Why must Tanzania—with 36 percent electrification—shoulder climate change burdens while the US and China, by far the world’s biggest polluters today, are going gung-ho on CO2 emissions?
The White House’s 2025 report on USAID’s “waste and abuse” reads like satire: $47,000 for a “transgender opera” in Colombia, $1.5 million to promote “diversity equity” in Serbia, and $2 million for “sex changes and LGBT activism” in Guatemala.
In Tanzania, such ideological overreach clashes with local values. Why impose divisive Western social experiments on nations which clearly have more pressing matters to focus on? And how does that advance American interests, anyway?
Worse, much of the money never reaches its intended recipients. A former World Bank officer once informed me about a Tanzania-based project where 80 percent of over a million-dollar fund was spent on Western consultants and overheads—before a single dollar reached Tanzania.
According to the Trump’s government, in some cases only 10 percent of funds reach their intended recipients. This isn’t aid: Trump is justified to put to an end that self-serving scam.
Worse still, USAID’s approach to aid reeks of paternalism. Trump announced that Saudi Arabia would invest $500 billion in US tech, AI, and industries—sectors that create wealth.
But here, USAID funnels cash into livelihood support and family planning.
Where are the investments in Tanzania’s Mtwara Corridor, a region rich in coal, iron, uranium, and fertile land capable of generating billions of dollars annually?
Where is the support for the 800km SGR railway linking Mtwara to Mbamba Bay, a project that could unlock trade across Tanzania, Malawi, Mozambique, and Zambia?
The answer is simple: this aid isn’t designed to empower. It’s designed to keep Africa just stable enough to remain a perpetual client.
We can do better than entertaining such schemes. Tanzania needs partners, not patrons giving us handouts.
Consider remittances: In 2023, Tanzanians abroad sent home $747 million, far surpassing USAID’s annual contributions.
If we can increase that from 1 percent to regional averages, about 4 percent of GDP, alongside strategic investments in agriculture, mining, manufacturing, and energy – including in coal – we could end dependency overnight.
The Mtwara Corridor alone holds enough coal reserves to power East Africa. Tanzania’s avocado exports hit $73 million in 2023—a figure that could multiply tenfold with irrigation and processing hubs. Yet USAID prioritises “gender workshops” over agro-industrial zones.

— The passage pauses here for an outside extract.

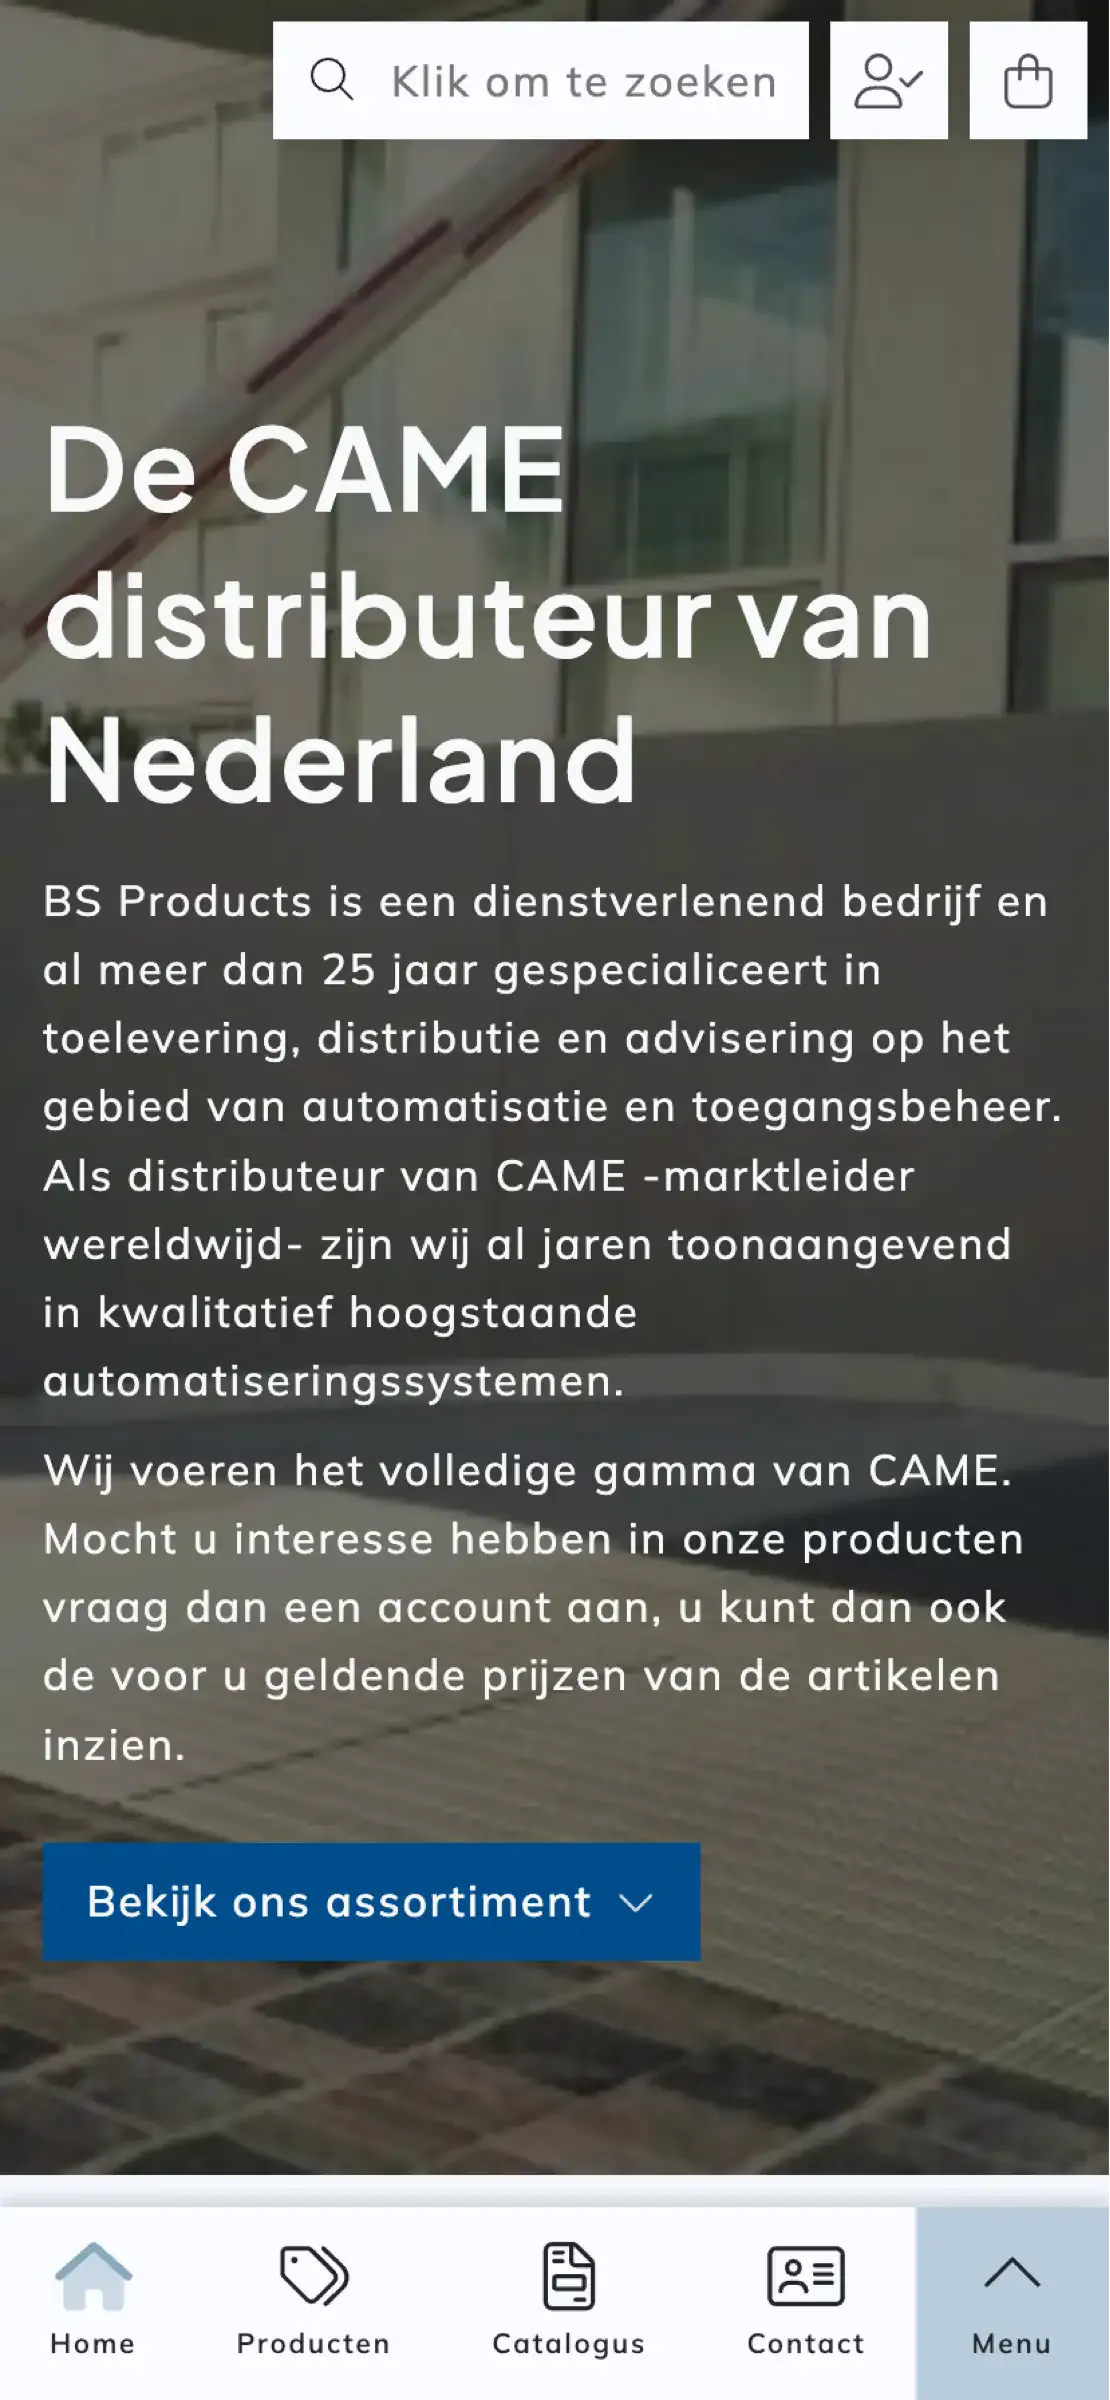 De homepagina van BS Products

On our side, we need to review our approach to philanthropy. Tanzania hosts over 8,000 NGOs, but most are inept and unsustainable.
It is not uncommon to find an NGO boasting an extensive network of members, but they cannot pay even a couple of employees without foreign grants.
The writings have been on the wall for years. Covid-19 exposed this fragility even further: When Western funds dried up, many NGOs collapsed. Dependency tends to kill innovation.
Trump’s freeze is a wake-up call. While USAID sold itself as Africa’s lifeline, in reality, it’s America’s tool for geopolitical relevance.
Africa doesn’t need lectures on climate change from polluters, gender theories from Western liberals, or aid that enriches Western consultants.
We have the resources. What we lack is the leadership and the audacity to say: Enough.
Let Trump defund USAID. Let him “Put America first.” He is the American President after all.
Meanwhile, let us respond by putting Tanzania first: let’s build coal plants, iron mines, railways, and avocado empires of notice.
By the time the US ends its internal political squabbles, we would have moved on—free to pursue our agenda without sanctimonious lectures about issues which even Westerners themselves are fighting about.
Trump is good for Africa in so many ways.